# Work request
Only one span of the material below is wanted. Output it exactly, from the line with "Bx Glass Vase Etsy" through the line with "Алмазный гибкий шлифовальный", without any pictures.

# Records for the task
------------
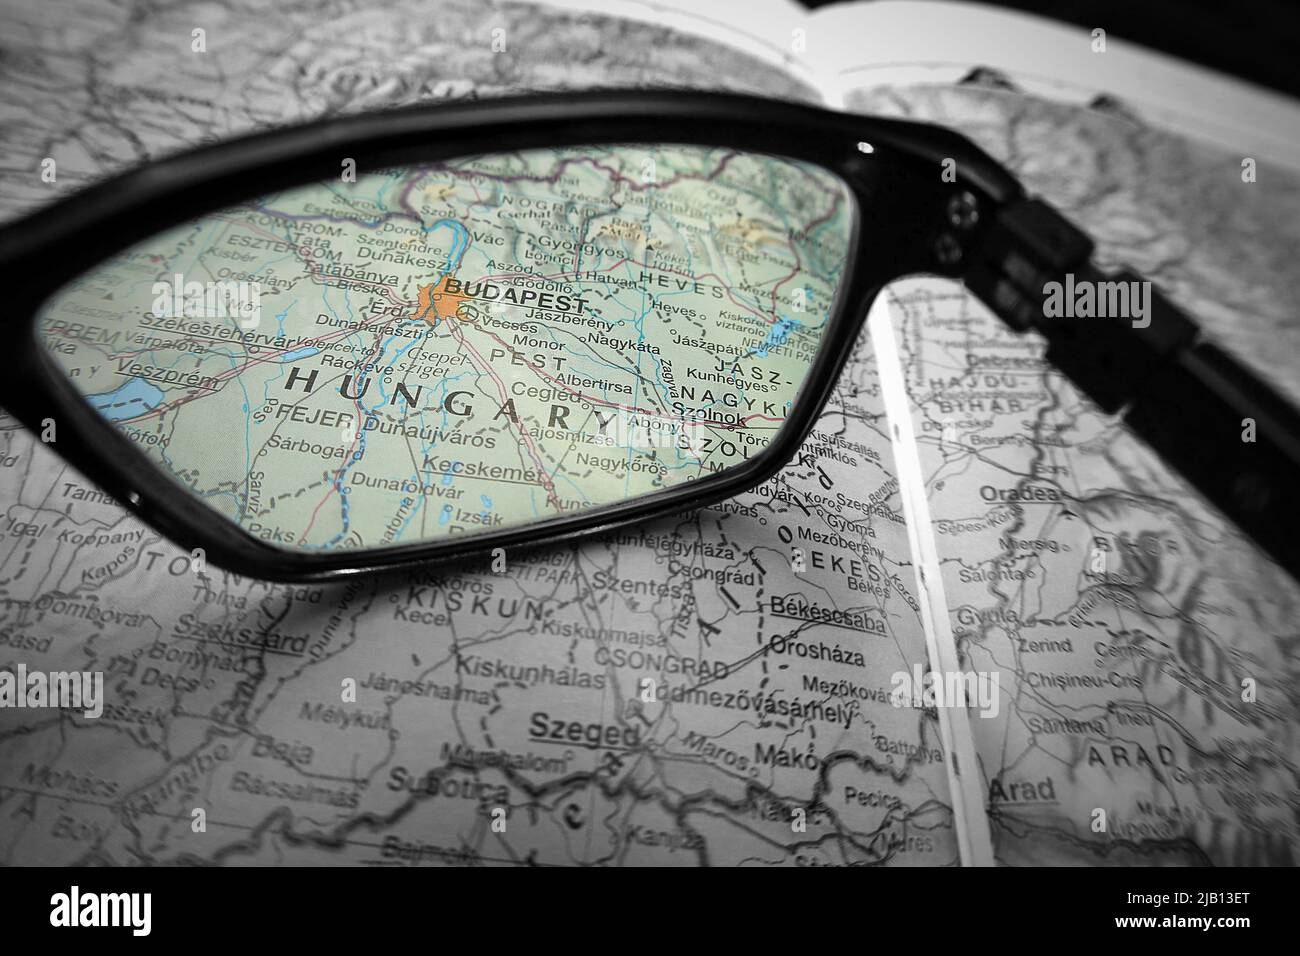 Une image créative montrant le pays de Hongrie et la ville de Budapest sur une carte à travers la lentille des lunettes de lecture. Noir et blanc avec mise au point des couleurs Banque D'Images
------------
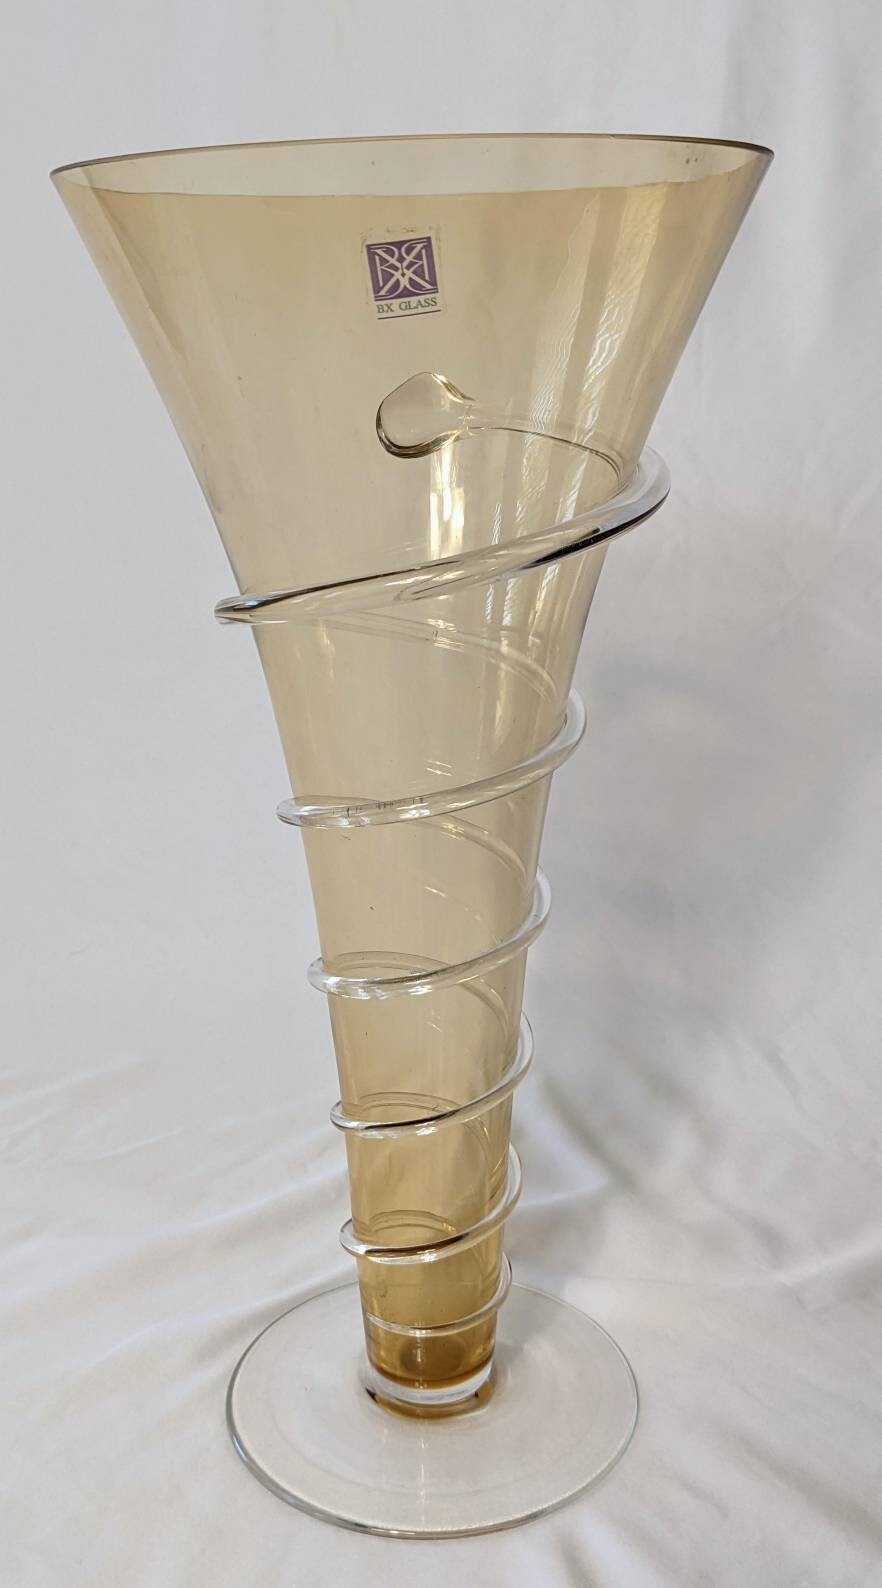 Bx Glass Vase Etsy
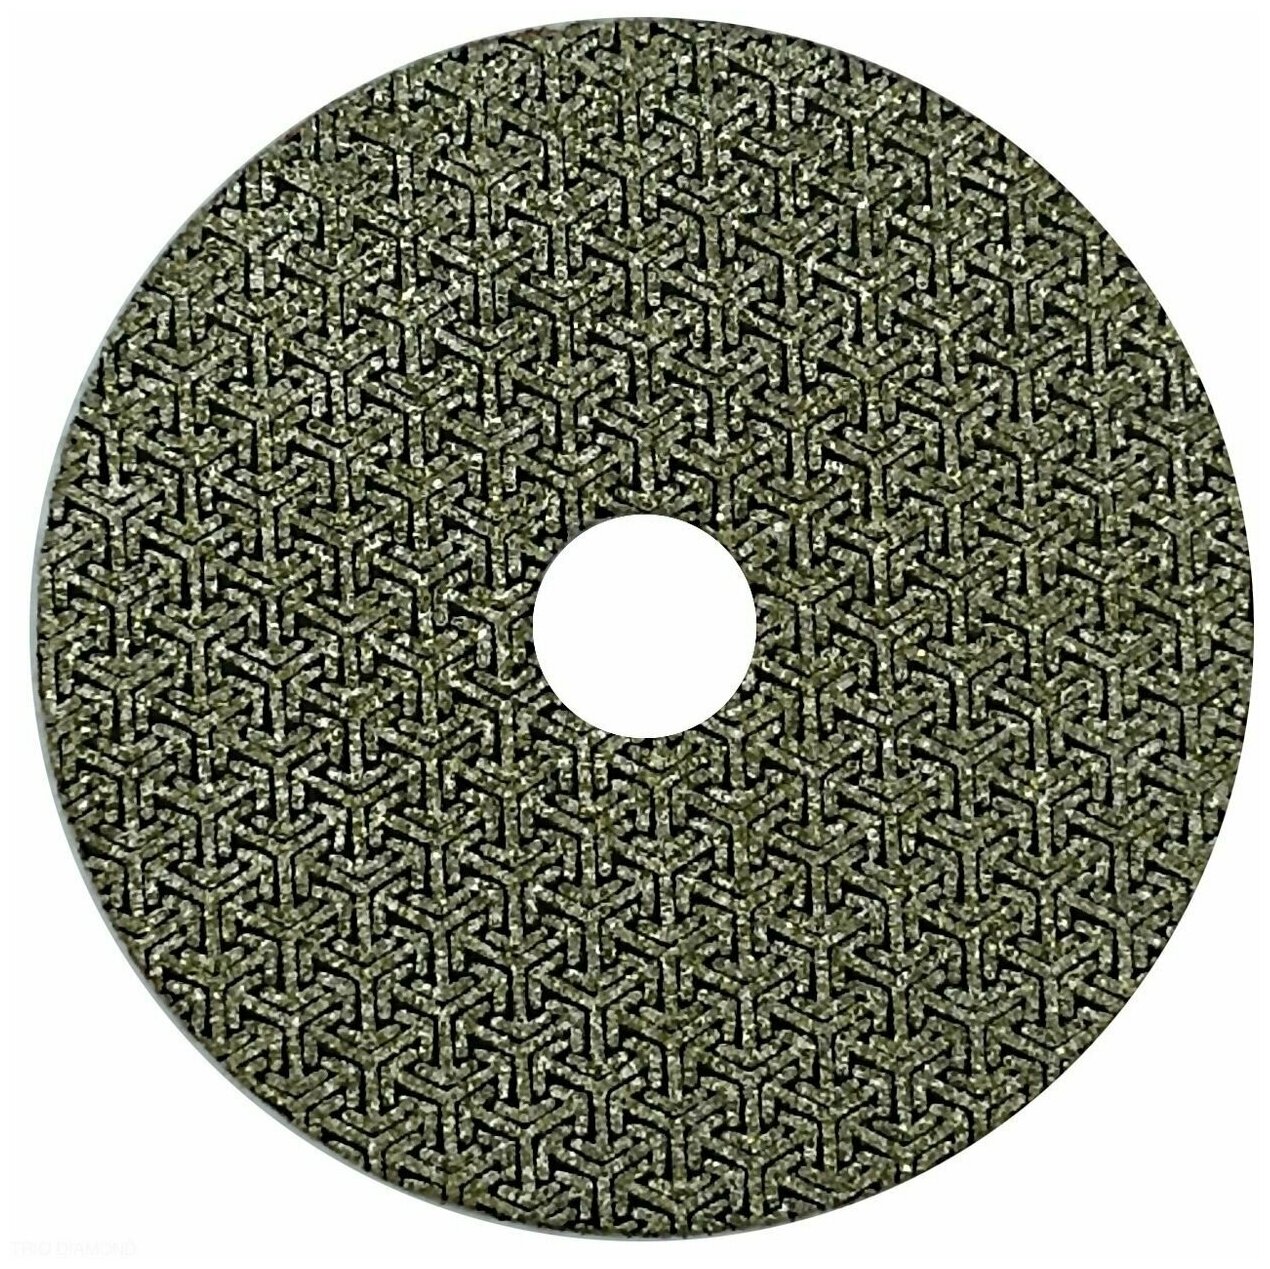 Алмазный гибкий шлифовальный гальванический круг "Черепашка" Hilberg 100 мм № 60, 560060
------------
# Solution to this exercise
 Bx Glass Vase Etsy
 Алмазный гибкий шлифовальный гальванический круг "Черепашка" Hilberg 100 мм № 60, 560060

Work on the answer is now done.